California and Texas physicians secure big victory on loan forgiveness eligibility

October 13, 2023

Physicians who need to consolidate their loans must do so by December 31, 2023

Many California and Texas physicians are now eligible for the Public Service Loan Forgiveness (PSLF) program due to a rule change enacted by the U.S. Department of Education.

The PSLF program allows physicians who work full-time in public or private non-profit hospitals, clinics or medical offices to be eligible for loan forgiveness. However, due to state laws that prohibit physician employment by private non-profit hospitals, physicians in California and Texas had been excluded from the program.  

Since 2016, the California Medical Association (CMA), along with the California Hospital Association, the Texas Medical Association (TMA), and the Texas Hospital Association – representing more than 100,000 physicians and hundreds of hospitals – have been urging the Dept. of Education to fix the inadvertent exclusion of California and Texas physicians. The Dept. of Education released the final rule with the sought-after fix that provided an exception to allow more California and Texas physicians to participate in the program in the fall of 2022.

“I am proud we were able to ensure a more diverse physician workforce in California and Texas by expanding access to medical student loan forgiveness,” said CMA President Donaldo Hernandez, M.D. “Our goal is to build a physician workforce to improve access to medical care for marginalized patients in underserved communities.”   

“California and Texas are projected to have the two largest physician shortages in the nation over the next decade," said TMA President Rick W. Snyder II, M.D. "This program will allow us to retain and recruit new physicians to our states to address our growing physician shortages and access to care challenges for the patients who need us most."

Under the new rule, if physicians in California and Texas have student loans and provided services in a nonprofit hospital, clinic/office owned by a 1206(l) foundation or other nonprofit entity for an average of 30 hours per week, and make 120 qualifying payments, they may now qualify. Even if physicians worked for a for-profit sole proprietorship, partnership or were employed by a for-profit medical group, they may still qualify if the services they provided were in a facility owned by a nonprofit.

Physicians graduate medical school with a median debt level of $200,000.  Under the previous rules, physicians were discouraged from practicing in California and Texas because they couldn’t get their loans forgiven, as they could in other states. This rule change was vital as California and Texas are projected to have the two largest physician shortages over the next decade due to growing and aging populations, and an aging physician workforce (roughly one-third of physicians are over age 60, and half are over age 50).

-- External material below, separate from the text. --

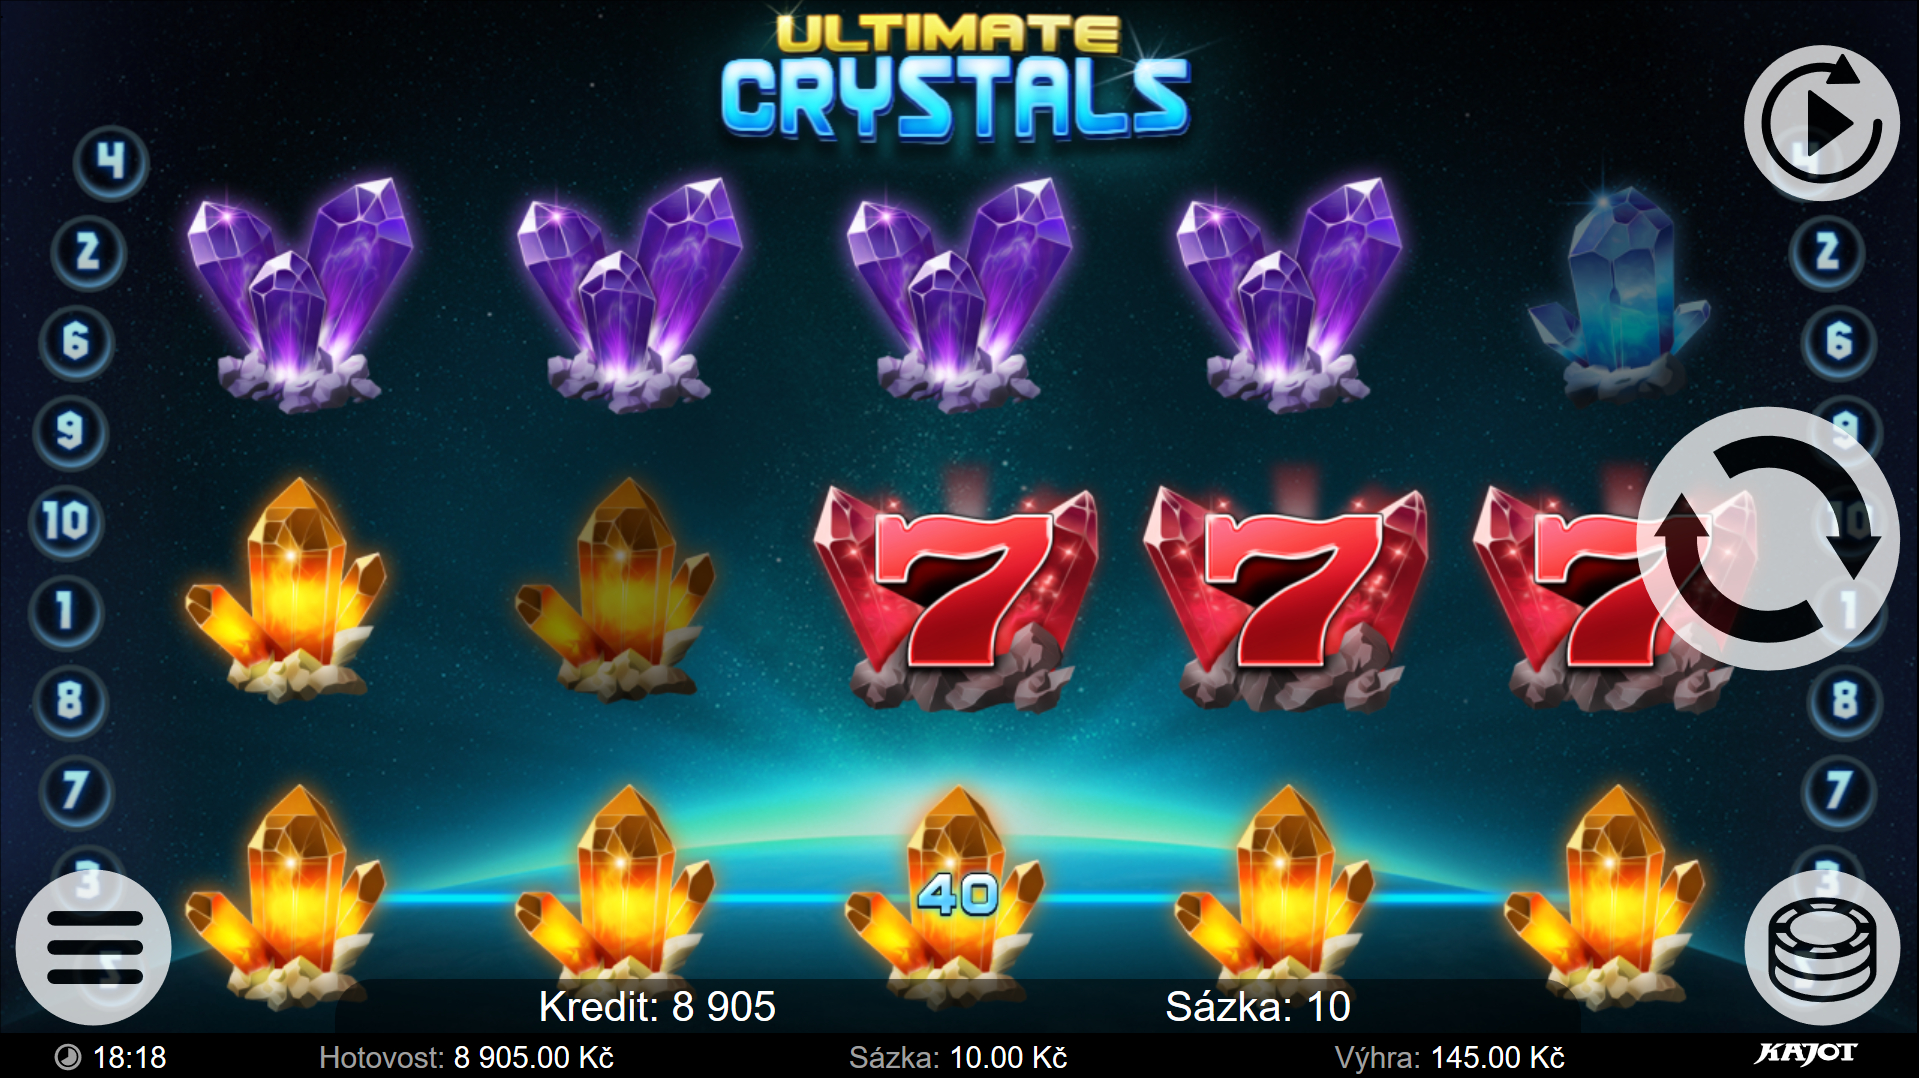 Ultimate Cristals

To be eligible for the PSLF program and to have past time worked counted towards the program requirements, physicians must have a direct government loan or consolidate their loans into a direct loan by December 31, 2023.

To provide information about the PSLF program and how apply, as well as answer questions, CMA along with the California Hospital Association (CHA), Texas Medical Association (TMA), and Texas Hospital Association (THA) recently co-hosting a free webinar on the new PSLF rules. The one-hour webinar is accessible on-demand for anyone interested.

CMA has also published a guide – “Public Service Loan Forgiveness: What California Physicians Need to Know”  – to help physicians determine whether they may qualify for hours worked back to 2007 or for future years of service.